At a United Nations debate in New York, Isabel dos Santos, who is currently the richest woman in Africa spoke of the economic empowerment of African women as a key to transforming society. This and many of her other hopeful and encouraging messages have inspired many citizens in African countries, mainly young women, to pursue their ambitions in business.

Dos Santos believes that some of the most promising and successful businesspeople in the world have been African because of the continent’s entrepreneurial spirit. This spirit, however, has been weighed down by the stigmatization of women in the workplace. This has robbed the economy of valuable innovators and has barred women from achieving their ambitions. But by ensuring that young women can access the same education, job opportunities, and potential for growth as men, dos Santos believes that she can change this attitude and instill a national confidence in women.

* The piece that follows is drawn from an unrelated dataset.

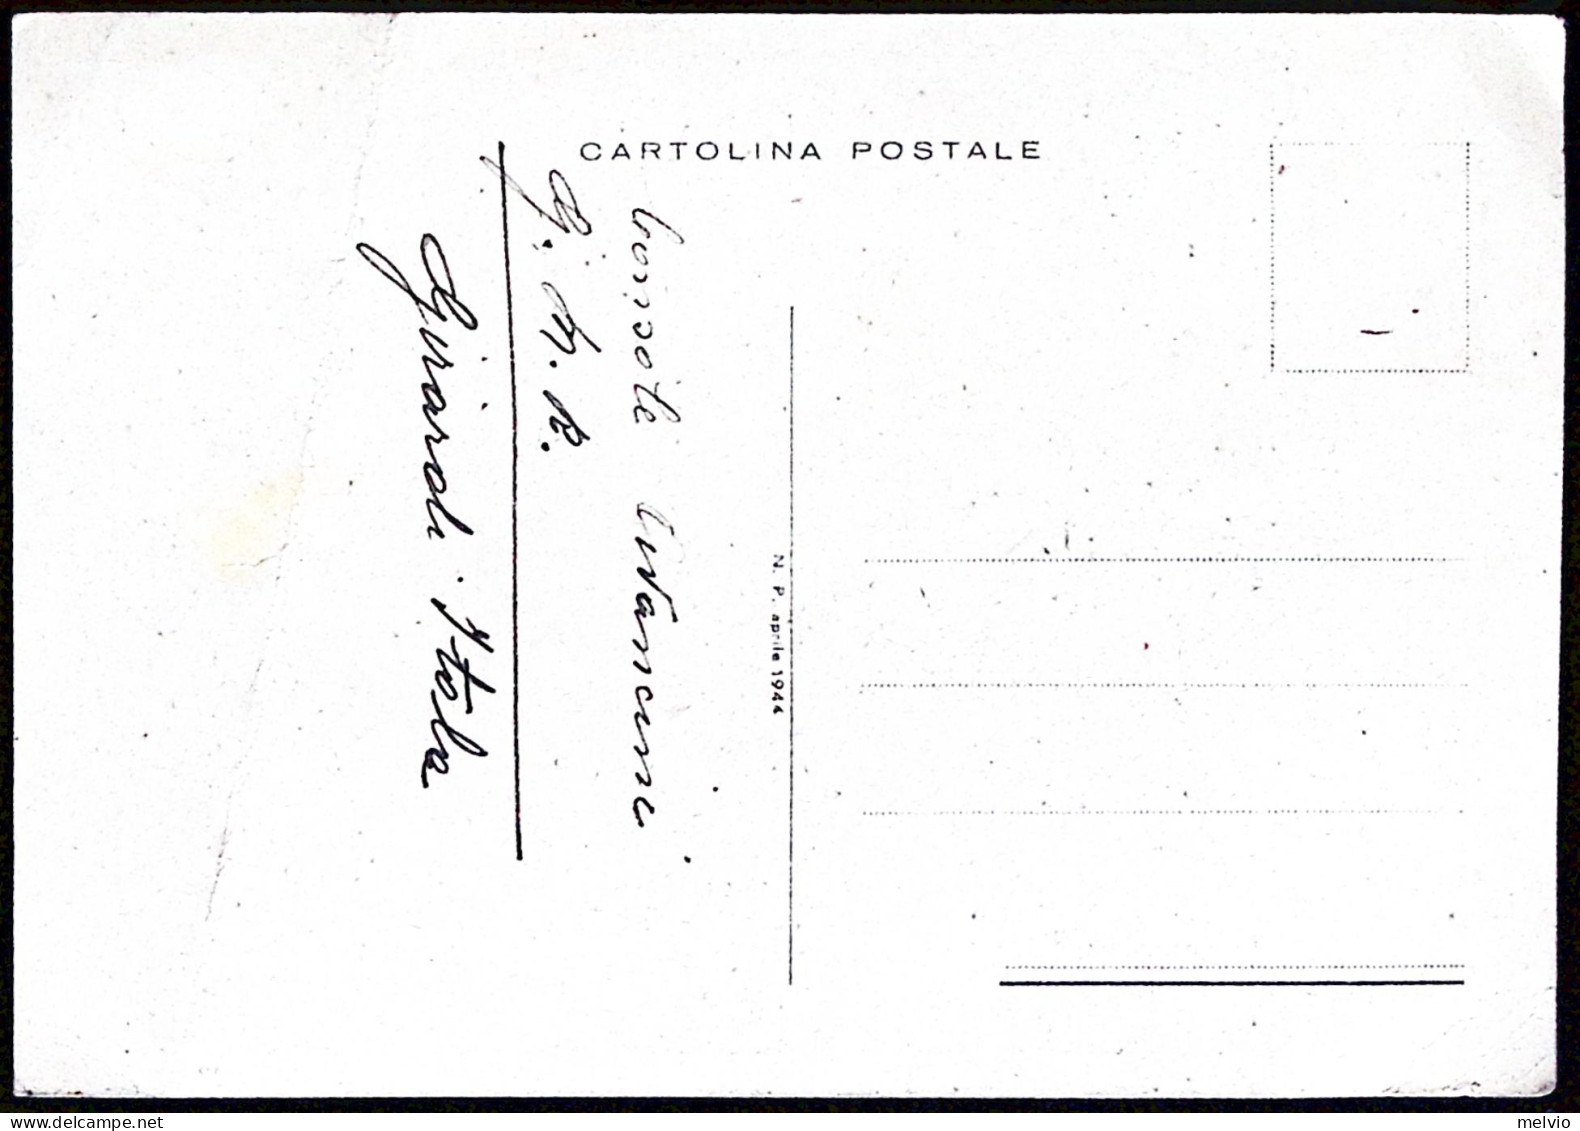 1944-RSI Cartolina Domenica Del Corriere Attacco Di Aerosilurante Nella Baia Di  - Poststempel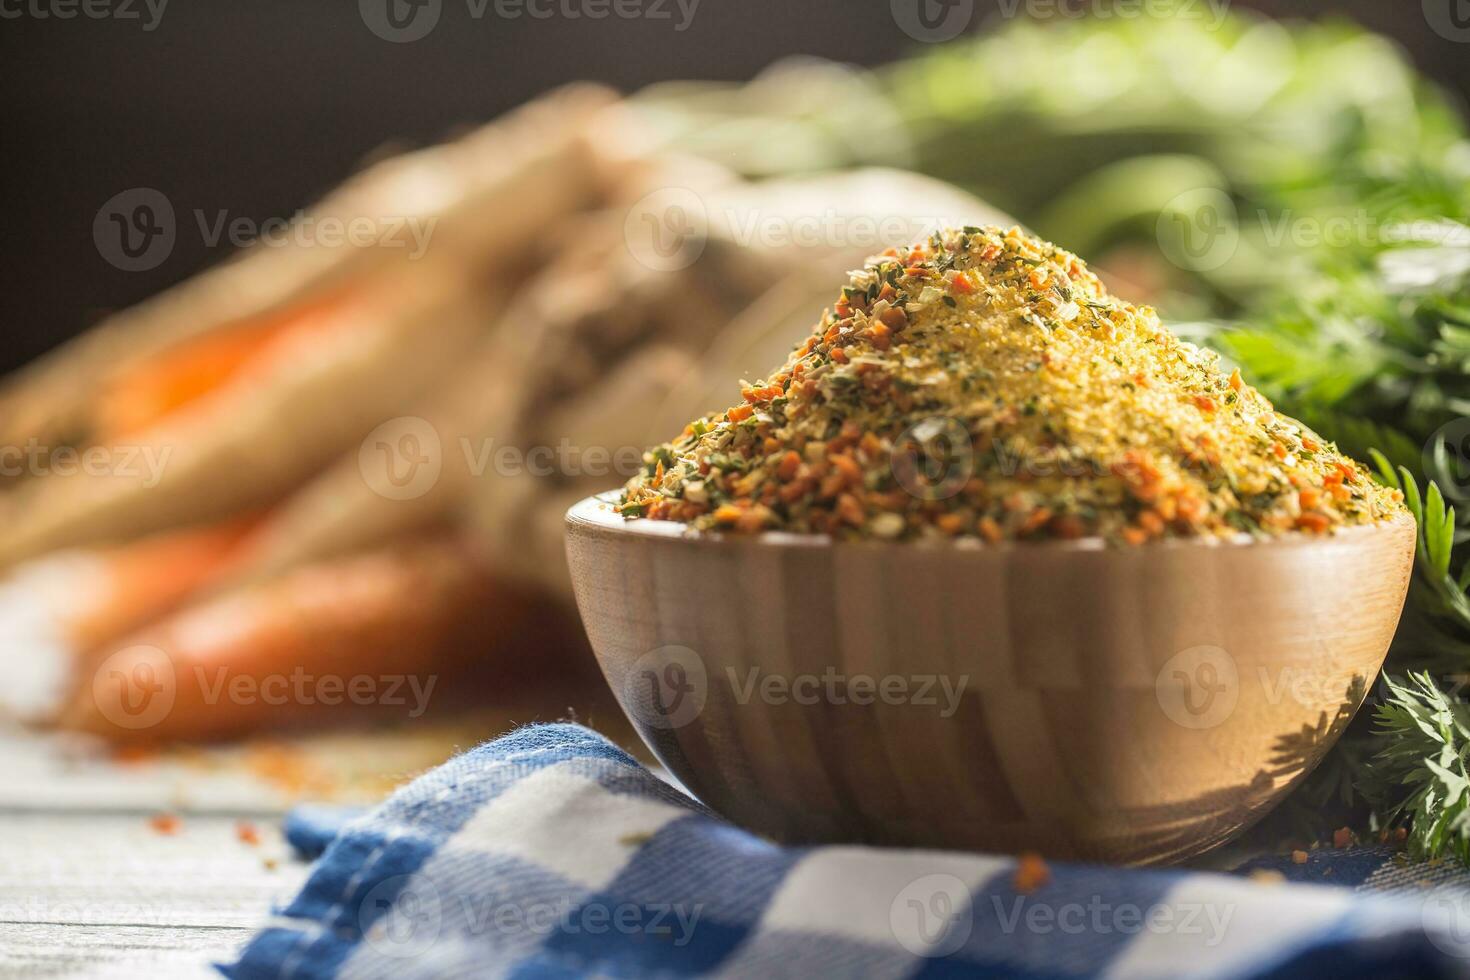 kruiderij specerijen kruiderij vegetarisch van uitgedroogd wortel peterselie selderij pastinaak en zout met of zonder glutamaat foto

This type of thinking falls in line with her more general philosophy of reform: “First the seed, then the future.” This dictum seems to urge against immediate change and, instead, encourages slow and steady growth. The seeds that Isabel dos Santos thinks ought to be planted are also tied up in the economic freedom of women – by creating jobs, providing training, and breaking sexist stigmas, she believes that women can experience increased financial stability while giving their home countries more influence in the international economy.

Dos Santos’ Vision of an Entrepreneurial Africa

Isabel Dos Santos has spent a lot of time planting these seeds in Africa, focusing her efforts in her home country of Angola where she meets with young people and speaks with them about the power of entrepreneurship. Sometimes, she visits them in small, personable rooms at universities and other institutions, other times in much larger ones during her speeches and debates. Most tellingly, she refers to famous African entrepreneurs as a “great family” and invites everyone with the motivation to work hard and come join them.

She often encourages young women to leverage the world’s increased reliance on technology and artificial intelligence, which she refers to as “digitalization”. She believes working toward innovations in technology is key to increasing Africa’s presence in the international economy while flooding the continent with unique employment opportunities. With just a computer and internet connection, unemployed or underpaid citizens can find more work, sometimes with the higher wages that are more commonplace in developed countries, to support their families and stimulate their local economies.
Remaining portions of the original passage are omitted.